In CLI mode, use the `--debug` flag. To suppress info logs, use `--quiet` (`-q`) — only warnings and errors will be shown.

---

## Troubleshooting

### GLiNER model download fails

**Symptom:** Error on first run about failing to download from HuggingFace.

**Solutions:**
- Ensure internet access is available on first run.
- If behind a proxy, configure `HTTP_PROXY` / `HTTPS_PROXY` environment variables.
- Set `HF_HOME` to a writable directory with sufficient disk space (~1 GB).
- To pre-download the model on a machine with internet access, run:
  ```python
  from gliner import GLiNER
  GLiNER.from_pretrained("knowledgator/gliner-multitask-large-v0.5")
  ```
  Then copy the `HF_HOME` cache directory to the target machine.

### SLM server connection error

**Symptom:** `ConnectionError` or `SLMUnavailableError` when using `build_pipeline()`.

**Solutions:**
- Ensure Ollama is installed and running: `ollama list` should show available models.
- Verify the model is pulled: `ollama pull qwen3.5:9b`
- If not using SLM, disable it: `build_pipeline(slm_fallback=None)`
- For non-critical use, allow graceful degradation:
  ```python
  pipeline = build_pipeline(slm_required=False, slm_on_failure="accept")
  ```

### High memory usage

**Symptom:** Process uses excessive RAM or runs out of memory.

**Solutions:**
- The GLiNER model requires ~2 GB RAM. Ensure the machine has at least 4 GB available.
- Reuse the pipeline object across calls instead of creating new ones.
- For the `anonymize()` convenience function, the pipeline is automatically reused (singleton).

### Wrong wheel platform

**Symptom:** `pip install` fails with platform compatibility error.

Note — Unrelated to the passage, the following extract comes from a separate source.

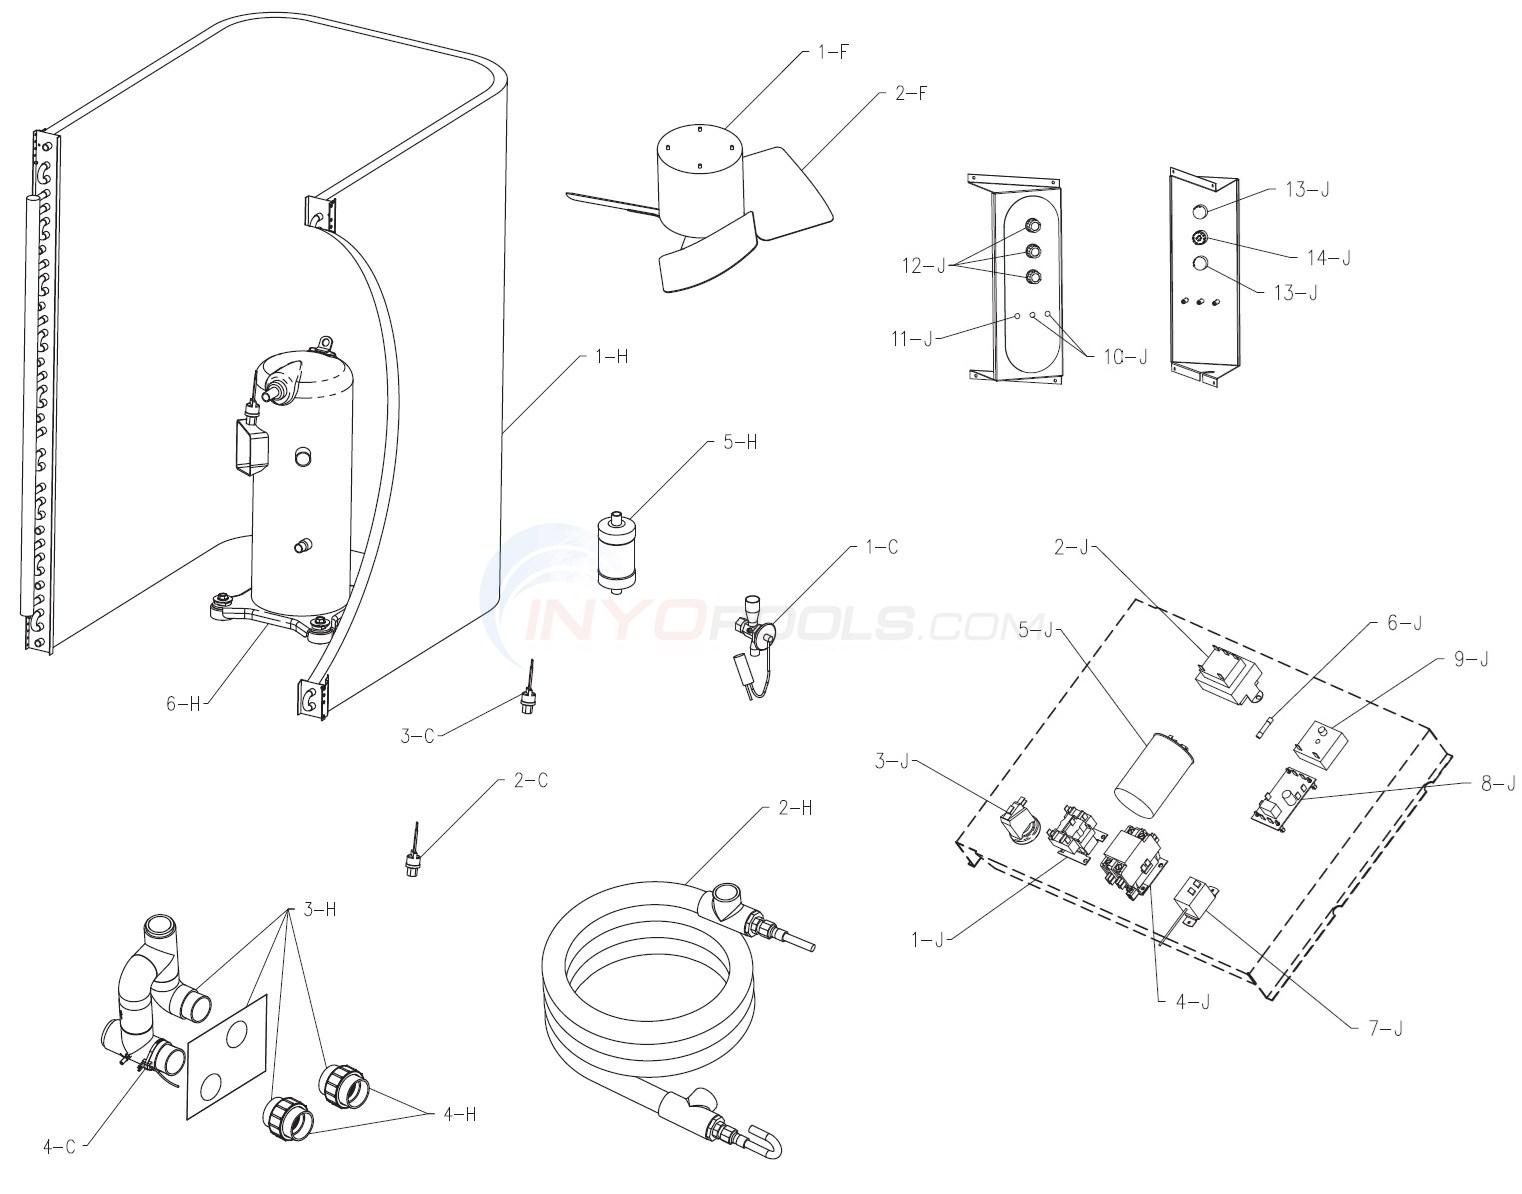 York Ac Schematics Df 072 Archive Of Automotive Wiring Diagram Predator Trusted Diagrams Rh Kroud Co

**Solution:** Ensure the wheel matches your Python version and OS (see the [naming breakdown in Installation](#installation)).

### Entity not detected

**Possible causes:**
- The entity type may not be in the default set. Check [Supported Entity Types](#supported-entity-types).
- The text may be matching a denylist entry (known false positive). Check if the term is a common Romanian word.
- For low-confidence detections with SLM enabled, the SLM may have rejected it. Try with `--debug` or `logging.DEBUG` to see SLM verdicts.